(Data items)
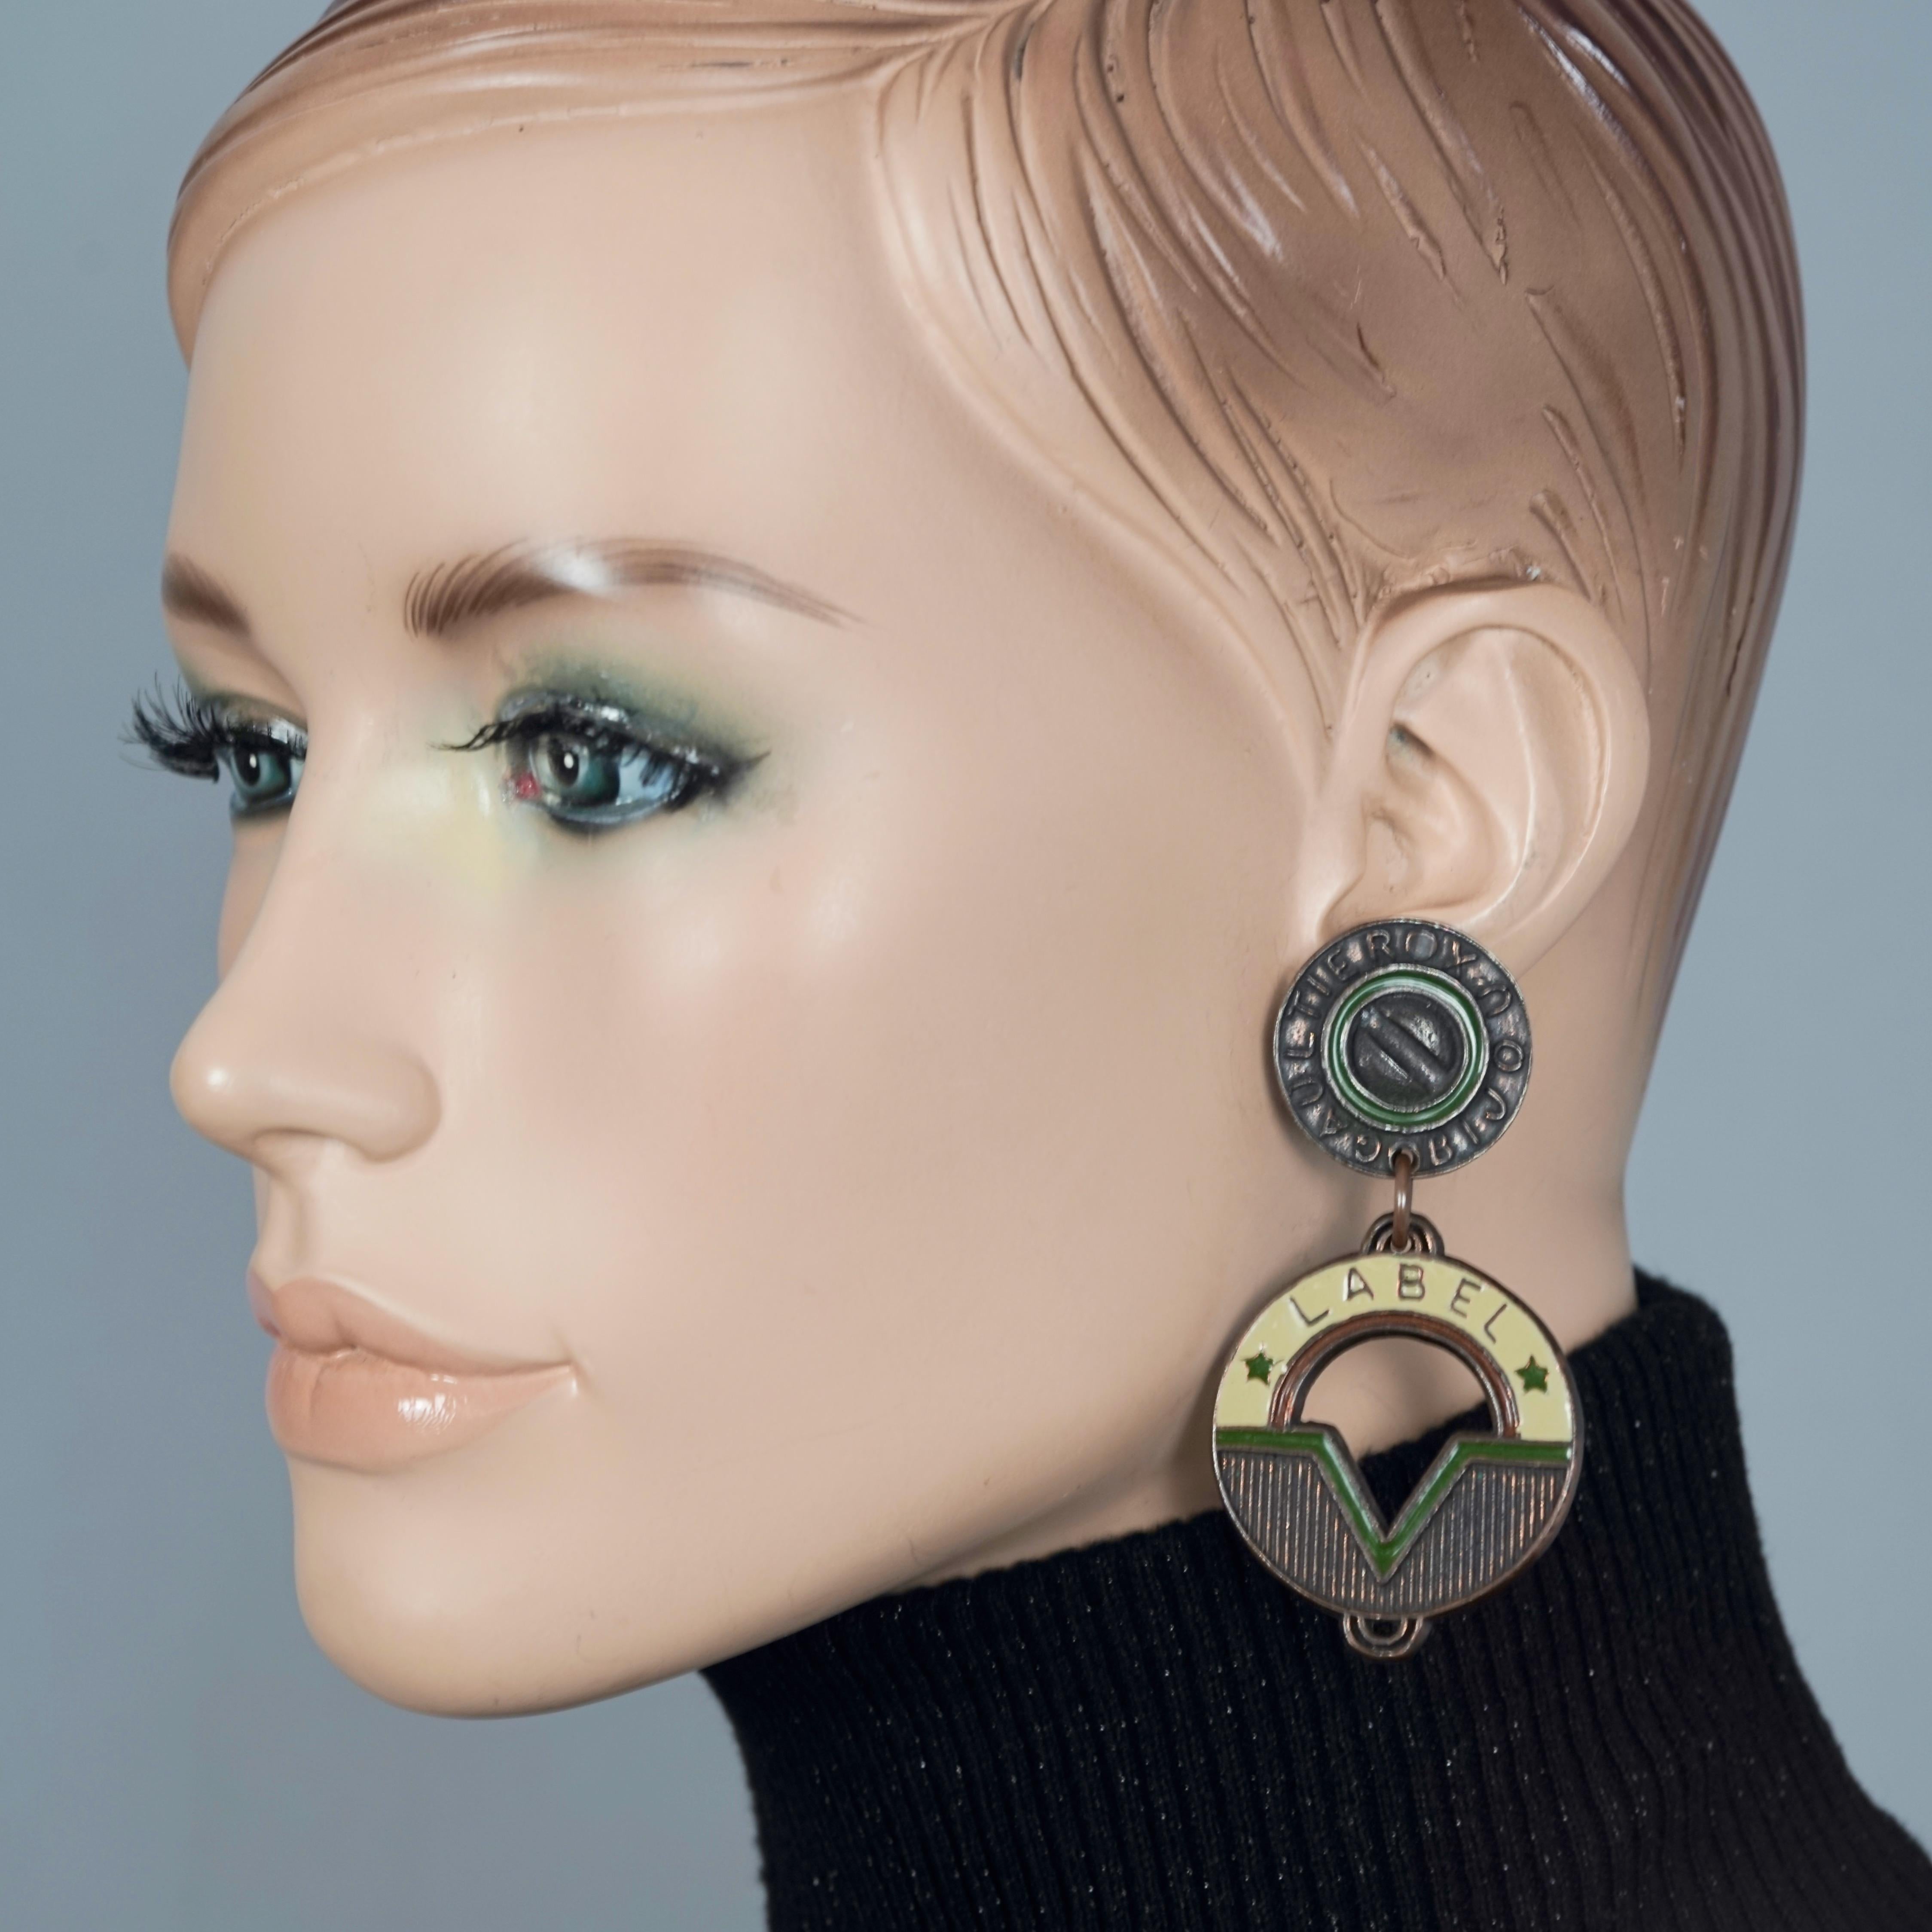 Vintage JEAN PAUL GAULTIER Bijoux Label Enamel Steampunk Earrings

Measurements:
Height: 2.95 inches (7.5 cm)
Width: 1.96 inches (5 cm)
Weight per Earring: 23 grams

Features:
- 100% Authentic JEAN PAUL GAULTIER.
- Dangling Strampunk enamel earrings
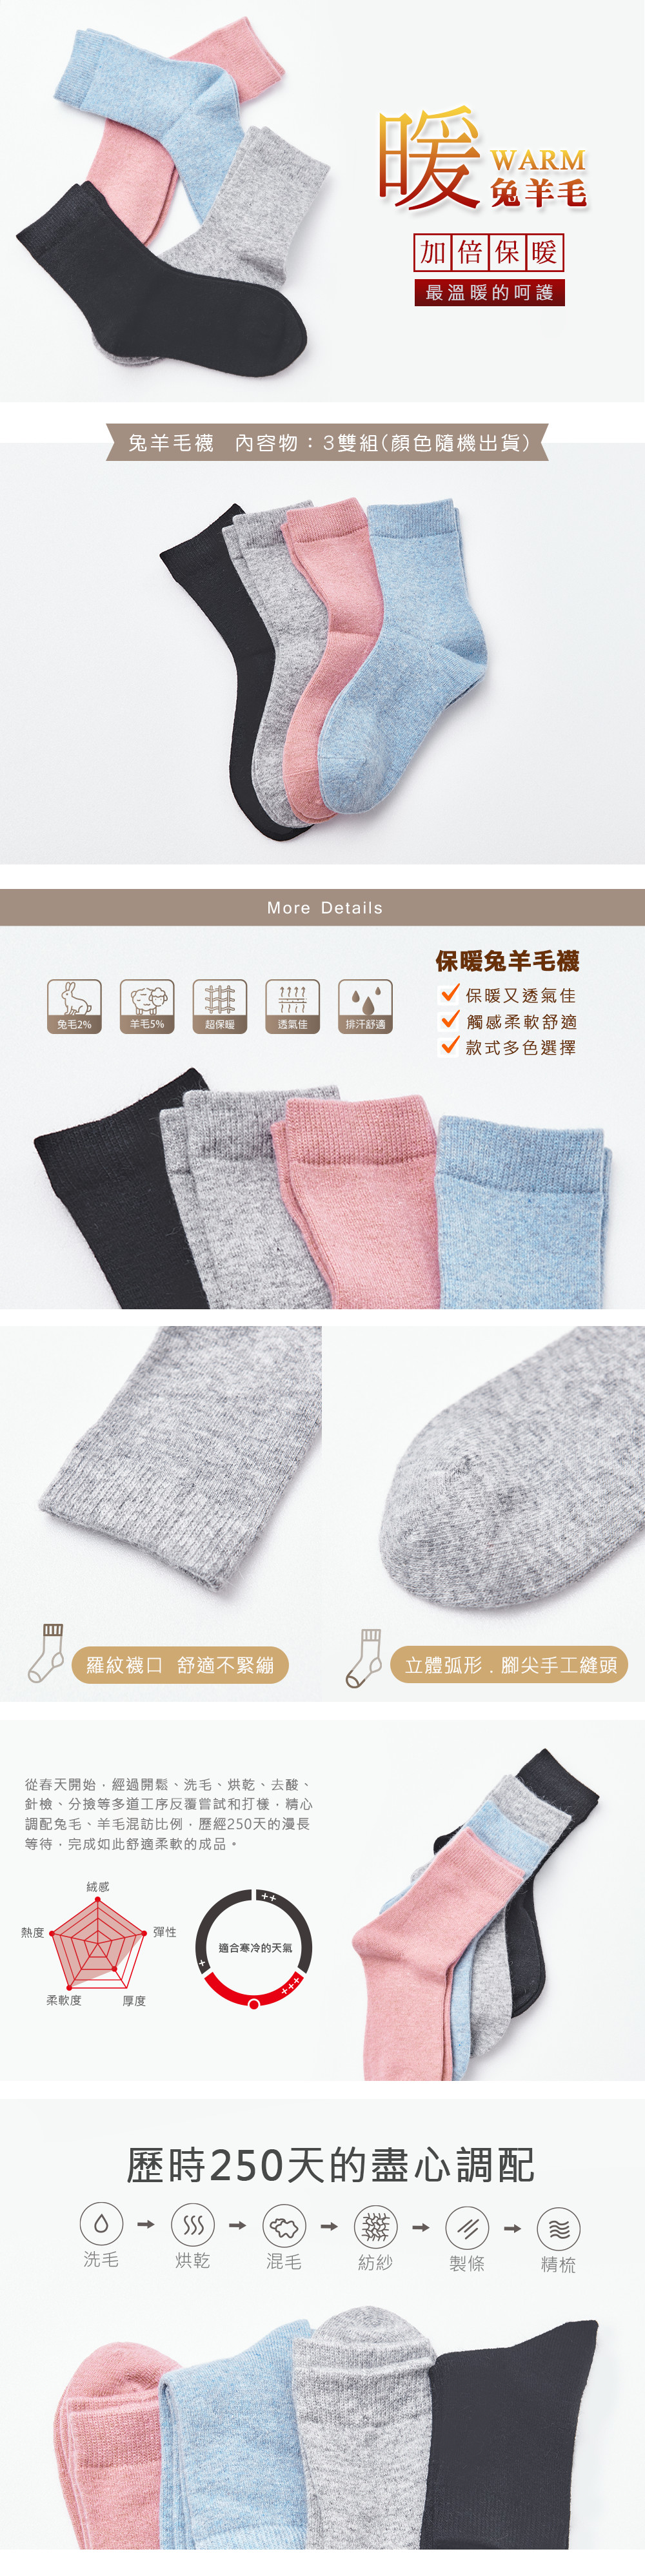 保暖兔羊毛襪(3雙)-611

Exercise details. Quote every entry exactly, with the pictures omitted.

Result.
 Vintage JEAN PAUL GAULTIER Bijoux Label Enamel Steampunk Earrings

Measurements:
Height: 2.95 inches (7.5 cm)
Width: 1.96 inches (5 cm)
Weight per Earring: 23 grams

Features:
- 100% Authentic JEAN PAUL GAULTIER.
- Dangling Strampunk enamel earrings
 保暖兔羊毛襪(3雙)-611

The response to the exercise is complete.